** The data follows **
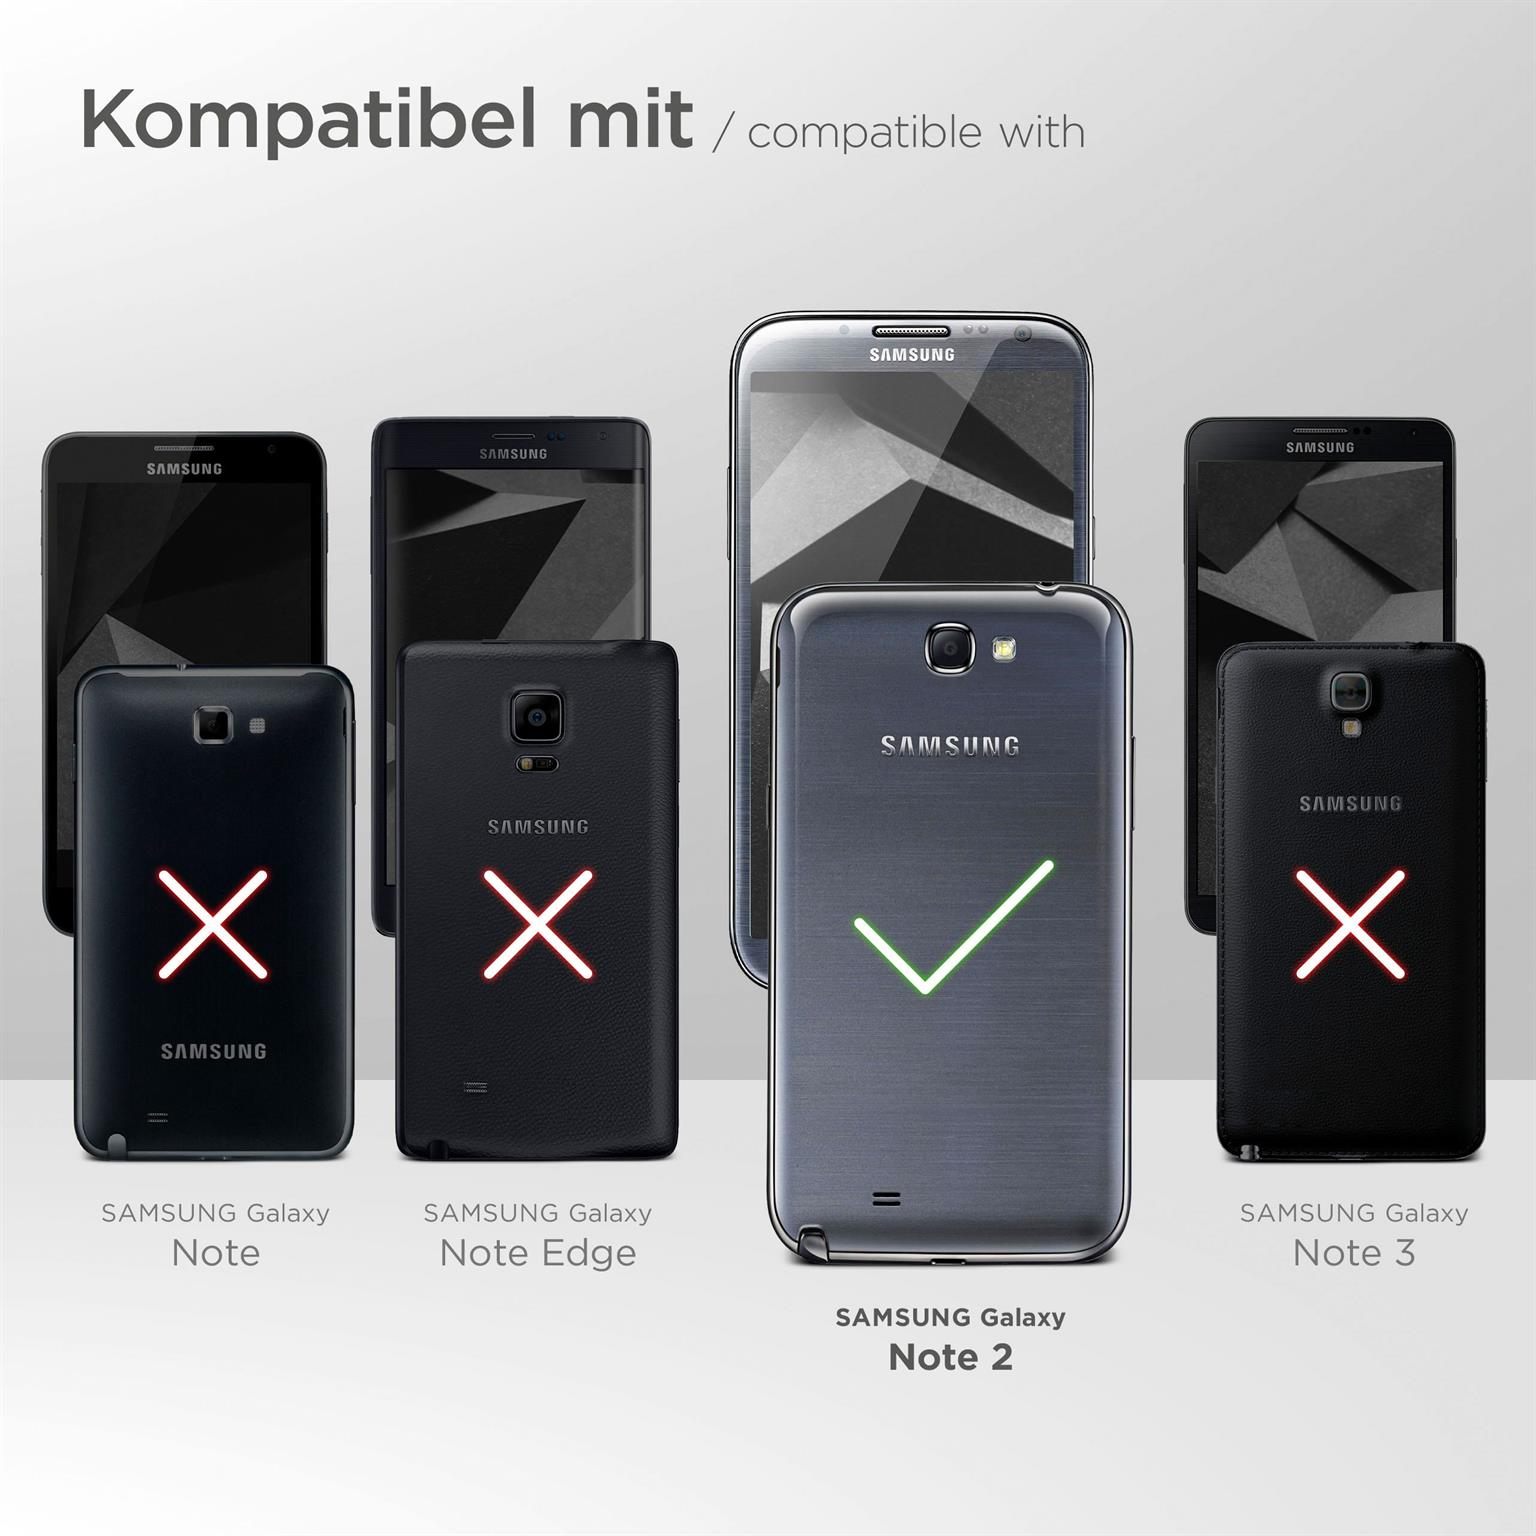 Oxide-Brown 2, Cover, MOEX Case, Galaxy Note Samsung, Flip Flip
** End of The data **
** The data follows **
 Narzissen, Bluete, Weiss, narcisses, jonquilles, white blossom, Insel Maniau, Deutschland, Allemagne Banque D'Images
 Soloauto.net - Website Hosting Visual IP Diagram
** End of The data **
§ Exercise instructions
Your reply is to repeat, unchanged, the lines above running from the one with "Narzissen, Bluete, Weiss, narcisses, jonquilles, white" up to and including the one with "Soloauto.net - Website".

§ Solution to this exercise
 Narzissen, Bluete, Weiss, narcisses, jonquilles, white blossom, Insel Maniau, Deutschland, Allemagne Banque D'Images
 Soloauto.net - Website Hosting Visual IP Diagram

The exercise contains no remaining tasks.